Такой подход как нельзя точно совпадает с профессиональными интересами филолога, знатока античности, стиховеда. Гаспаров пишет о том, что дешифровка любого текста должна касаться всех доступных контекстов – биографического, исторического, бытового, культурного, лингвистического, жанрового и т. д. Не это ли ключ к прочтению «Записей», вкладываемый автором читателю в руки? Ведь настоящая книга представляет собой как сплав вышеперечисленных контекстов, так и, пользуясь определением ее автора, своеобразное «практическое развертывание концепции». Гаспаров будто бы находится где-то по центру между крайними полюсами, при этом двигаясь в двух направлениях одновременно. Посему так примечательна антидогматичность любого его высказывания, учитывающего и логику, и чувственную одухотворенность, но не тяготеющего к главенству иррационального над рациональным. Посильное стягивание полюсов – до точки: «Что я делаю там, в той точке, где скрещиваются лучи? То, что делает переключатель на стыке проводов» (эссе «Обязанность понимать»). Это не совсем то, что М. Эпштейн называет «альтернативным сознанием», хотя тоже опирается на принципы дополнения и отстранения, но не отсекая и преодолевая, а объемля и усваивая. Согласование, расширение, акцентирование, сопоставление, систематизация и выявление нового – все это составляет научно-творческий подход Гаспарова, проистекающий из понимания текстового характера культуры.

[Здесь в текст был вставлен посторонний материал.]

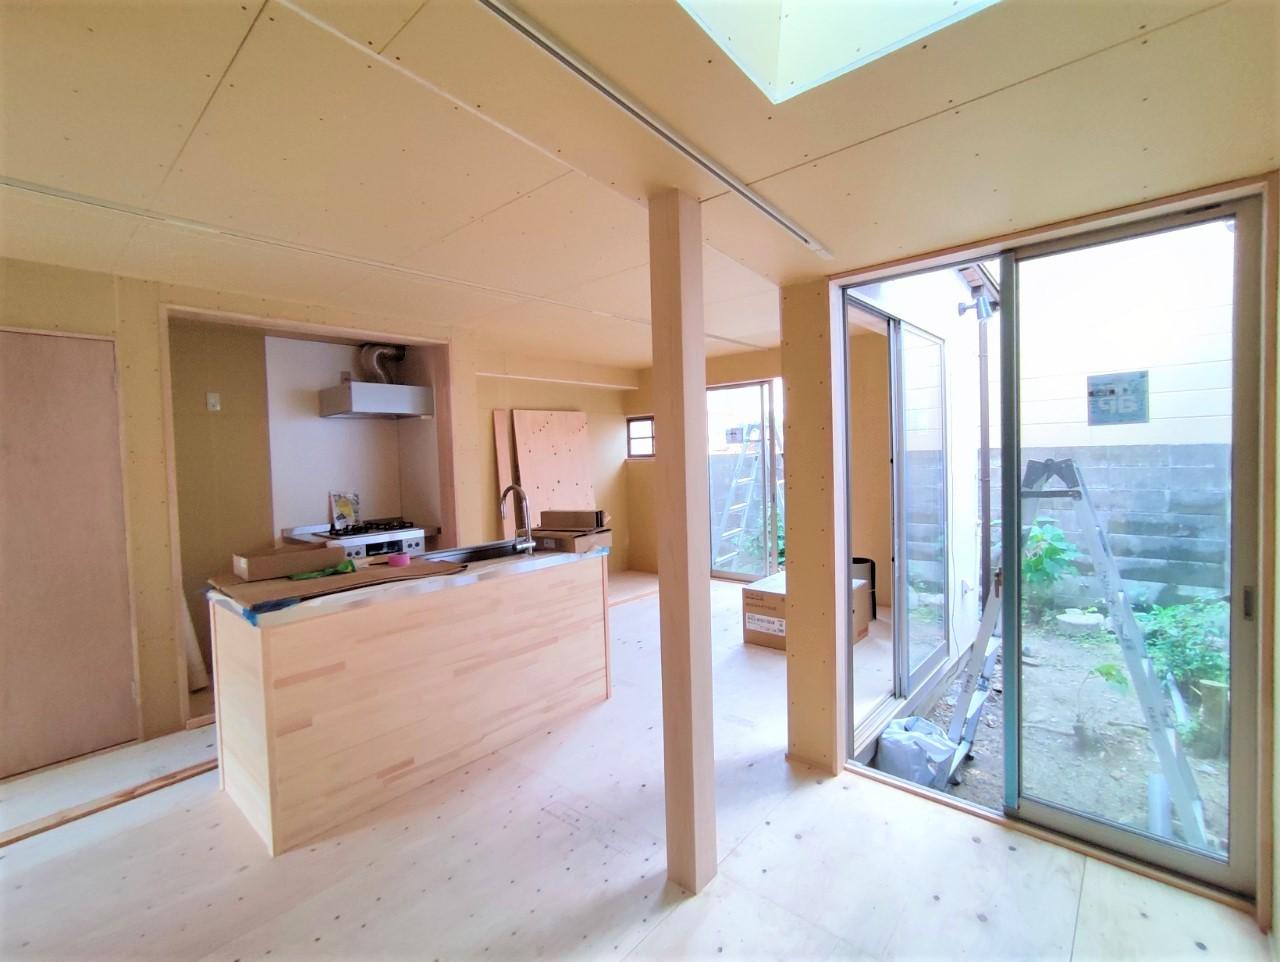 (オープンハウス開催)DIYハウス販売します 京都市左京区一乗寺3380万円

Движение зачастую предполагает преодоление материала, препятствий на пути, стены, пролегающей между людьми, языками, культурами. Отчасти роль таких «препятствий» в «Записях» выполняют противоречия, которыми наполнена книга – в высказываниях о патриотизме или о любви, например, вообще обо всем чувственном (любопытно, что в «непрофессиональных» оценках Гаспарова превалирует эмоциональный окрас: «скучный Фет», «хаотический Бальзак», «удушающий Пруст»). Любая требующая разгадки тайна для Гаспарова имеет несколько возможных решений. И дело не в отсутствии позиции, а во всеохватности взгляда, ибо если автор и отрекается от чего-либо, то только от себя и своего. «Я существую только по попущению общества. <…> единственное мое заведомо личное право – умереть с голоду. Все остальные права – даренные», – это горькое и трезвое признание говорит о конкретном месте и времени и о зыбкости – не позиции говорящего, а факта его существования. Самоотречение как способ бытия прежде всего важно для открытости, без которой невозможно понимание чужого и дальнего; оно, согласно Аверинцеву, сравнимо с «шансом дышать ‘большим временем’ вместо того, чтобы задыхаться в ‘малом’». Гаспаров пишет о необходимости отдаления «от взгляда изнутри к взгляду издали», отказа от «недоказуемых постулатов вкуса». Кажется, мало кто из коллег-филологов до него (возможное исключение – Аверинцев) с такой настойчивостью говорил о посильном избавлении от субъективного, об отстранении не как о залоге объективного видения, в принципе невозможного, но как о залоге понимания литературы, искусства, культуры в целом, как о «фундаменте взаимопонимания» между эпохами.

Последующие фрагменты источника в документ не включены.